/ ios

Machine Learning and Apple - Pokédex: Gotta Learn 'Em All!

Apple introduced some really nice features with Machine Learning and made it accessible and easy to understand to all developers. This article will introduce you to CoreML and Create ML and how to build a Pokédex!

This article is actually based on a Cocoaheads meetup talk I gave in Montpellier, France on January 17th, 2019. The slides are available here (french only).

What is Machine Learning?

Let's just start with what Wikipedia says about it.

Machine learning (ML) is the scientific study of algorithms and statistical models that computer systems use to progressively improve their performance on a specific task. Machine learning algorithms build a mathematical model of sample data, known as "training data", in order to make predictions or decisions without being explicitly programmed to perform the task.

Source: Machine Learning on Wikipedia

To make it simple

With Machine Learning, you'll just show your model a lot of data, tell it what is what so it can train and tell them apart. And then, by showing some new data to your model, it will be able to tell you what it is or make predictions, based on what it learned from your data.

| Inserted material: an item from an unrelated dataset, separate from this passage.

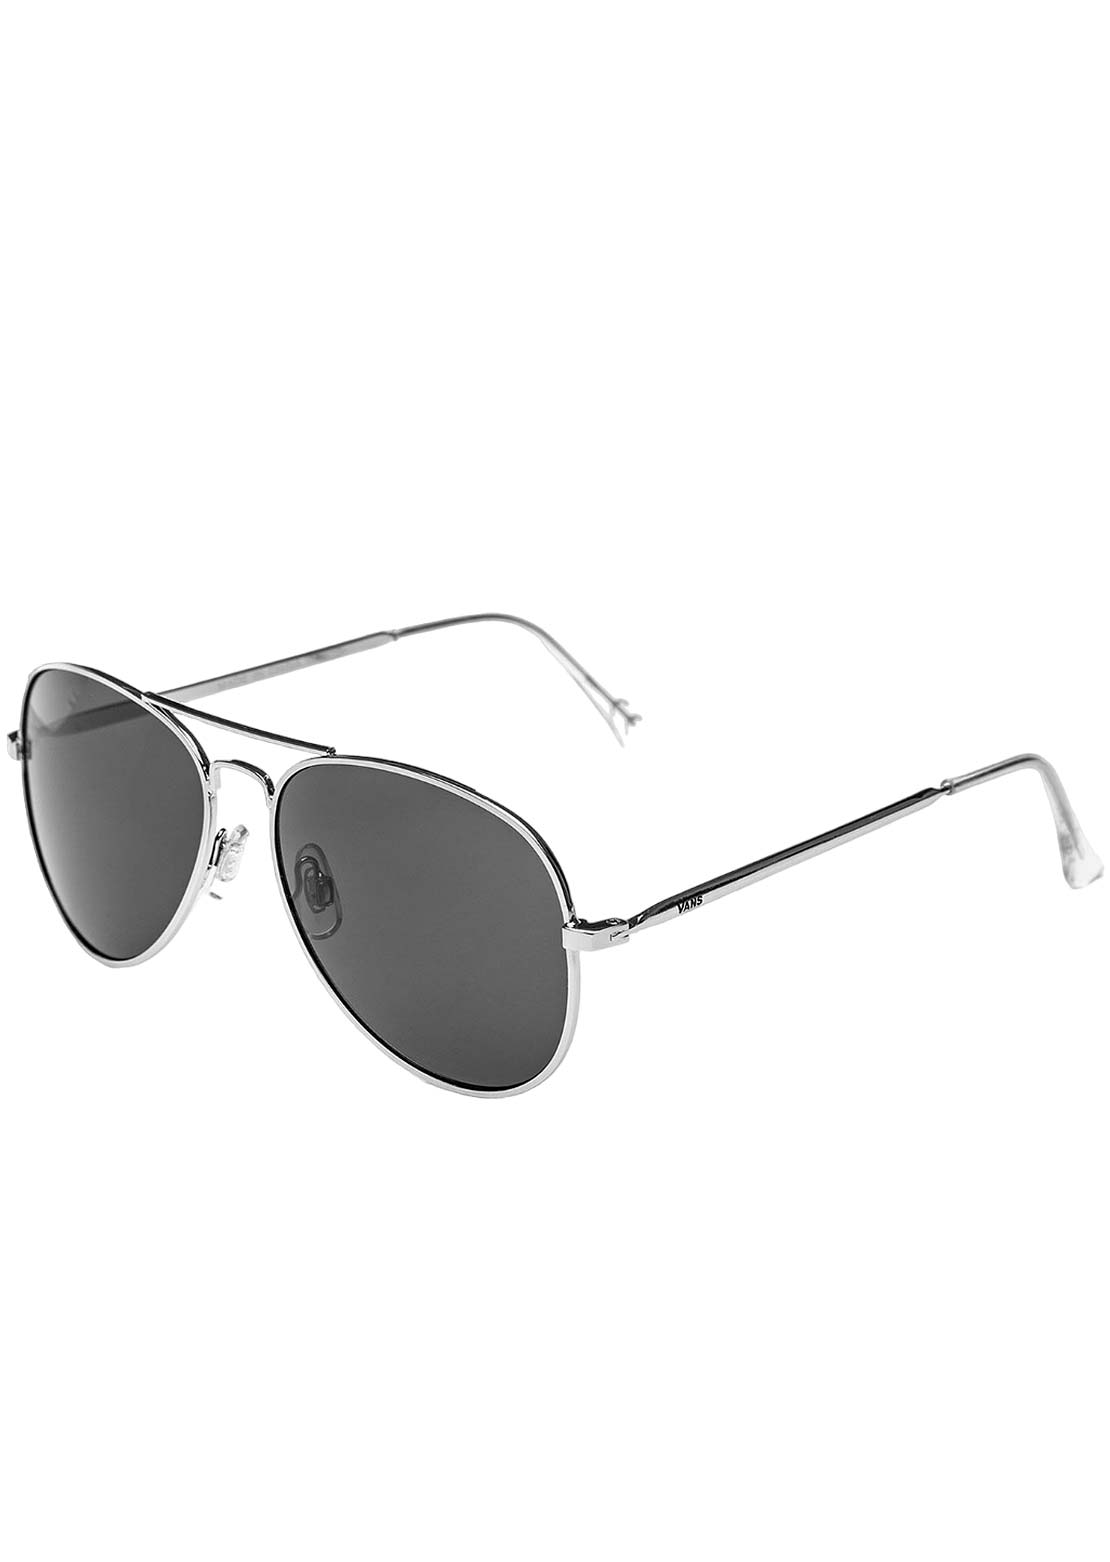 Vans Unisex Henderson Shades II Sunglasses Silver

The power with this approach is that you will not have to program anything to make your predictions.

ML Introduction by Apple

During WWDC17, Apple introduced CoreML to developers. Basically, CoreML enables us to use some ML models made by different frameworks (Caffee, Keras, Scikit...). In order to use them with CoreML, Apple provided some Python open-source tools for conversion (available here).

But ML in Apple systems just leveled-up at WWDC18 when they introduced Create ML : some tools that enables us to build our own ML models easily, without having to dive in complex ML tools.

Enough with history, let's start working on a simple ML model and an actual app.

Pokédex: Gotta Learn 'em All

By following the course of this article with me, you will build an app that will be able to classify a Pokémon picture (either from our Photo Library or from the Live Camera feed) : a Pokédex.

Just in case, here's what it is:

The Pokédex (ポケモン図鑑 Pokémon Zukan, lit. "Pokémon Encyclopedia") is an electronic device designed to catalog and provide information regarding the various species of Pokémon.

pokedex

Building our ML model

In this part, we will use Create ML to build our ML model, which will help us classify the Pokémon pictures.

For my Pokédex, I'll just train my model with two Pokémon: the fan-favorite Pikachu and the awesome Charizard.

The basics

Back to some theory and how to train your image classfier model.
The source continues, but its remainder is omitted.